Rachel E. Stassen-Berger and Glenn Howatt
The Minnesota campaign finance agency disclosed on Tuesday that it had found $26 million worth of data problems in its records late last year.
The data errors were woven through the campaign records going back to 2000, the Campaign Finance and Public Disclosure Board found. The agency said there were problems in about 13 percent of all contributions from one campaign group to another. The other 87 percent of records were correct, the agency found.
The agency's analysis found an even greater dollar disparity in the campaign finance data than the Star Tribune found back in November. When the Star Tribune first reported its discovery of the errors, the newspaper found at least $20 million of donations were missing from data going back to 2001. The board, which also included 2000 data, found an additional $6 million in problem records.
Since November, the campaign board has worked to fix the issues. At the end of the year, it had reduced the value of the mismatched records to $18 million. Much of that 31 percent reduction stemmed from regular data checks the agency always performs and the resolution of very large errors from 2002.
Those quick and massive fixes will not be the route of the future, as campaign regulators continue to work to make their records balance.
"Going forward we are going to have to be looking at smaller records," the campaign finance board assistant executive director Jeff Sigurdson said at a board meeting Tuesday.
The $26 million worth of problems the agency found in its own records is even larger than the newspaper discovered. Based on October data, the Star Tribune found at least $20 million worth of errors.

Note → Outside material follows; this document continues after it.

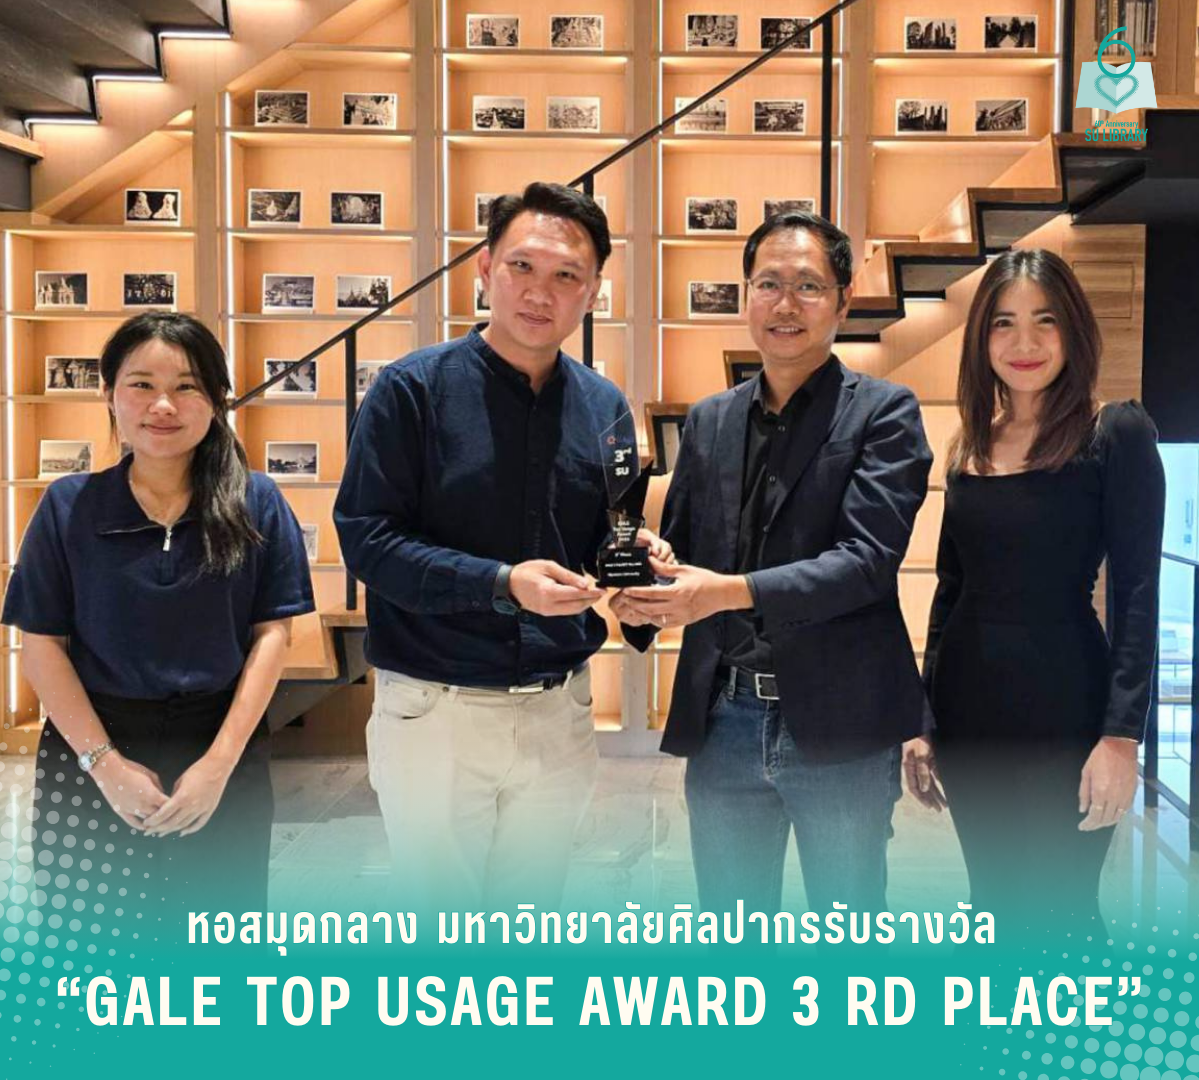 หอสมุดกลาง มหาวิทยาลัยศิลปากรรับรางวัล “Gale Top Usage Award 3rd Place”

Both the agency's analysis and newspaper's findings highlight the same root problem. In data long released to the public, frequently one campaign organization will report giving donations to an another Minnesota campaign, which does not in turn report receiving the donation. Equally problematic: often a campaign will report receiving a donation from a group that the donor did not report giving.
"The good thing that's come to light about this all is, we do want this to be transparent, we do want this to be available to the public," said former state Sen. Deanna Wiener, who chairs the campaign finance board.

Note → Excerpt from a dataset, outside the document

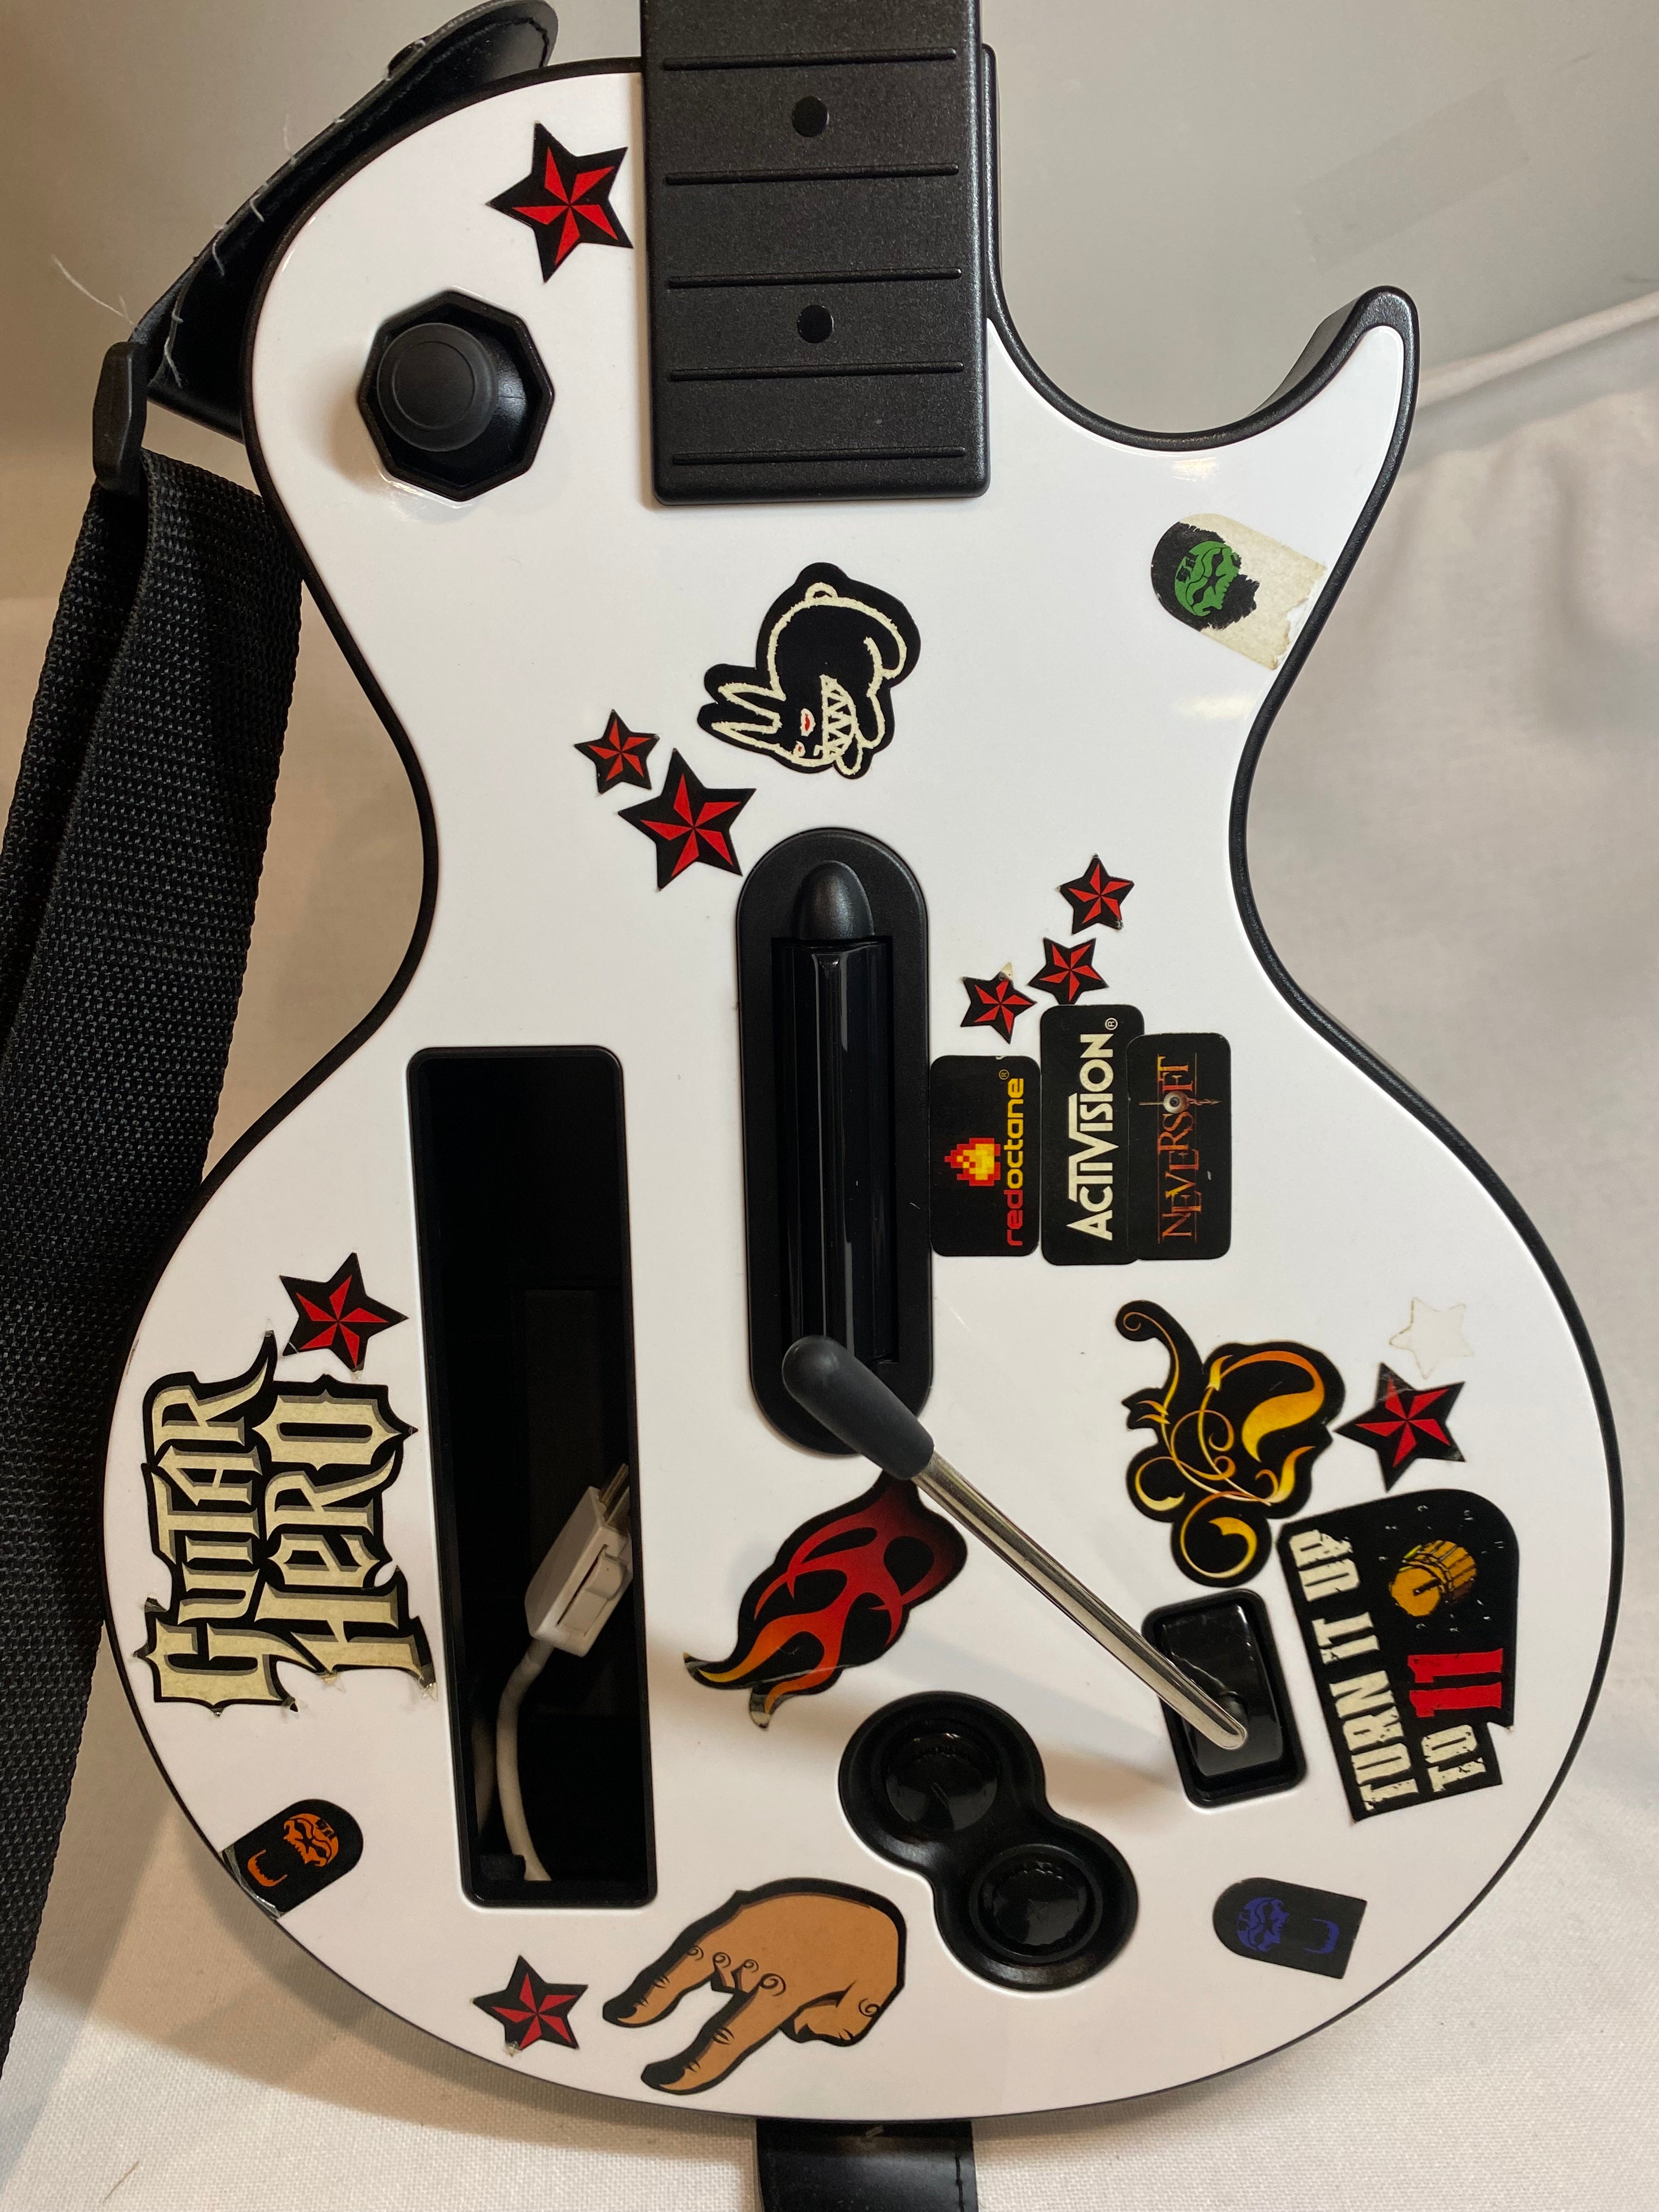 Controller | Nintendo Wii | Gibson White Guitar Hero Guitar

In addition to coming up with its own analysis of the problems, the agency has removed millions of dollars worth of donations from its website in cases when it found unreconciled data. Omitting those mean that the agency now reports $18 million less cash flowing among campaigns that it previously had.
The agency has also added a disclaimer to its searchable online site alerting the public that the online data may include errors.
Further, on Tuesday, the board approved a legislative proposal to require politicians and groups to promptly work with the agency to reconcile errors. Previously, agency staff largely relied on good will from candidates and campaigns to fix problems.
The legislation, if approved by lawmakers and the governor, would fine uncooperative campaigns $25 a day, up to $1,000, for their lack of cooperation. The board will also ask lawmakers to allow for civil penalties for uncooperative campaigns of up to $3,000.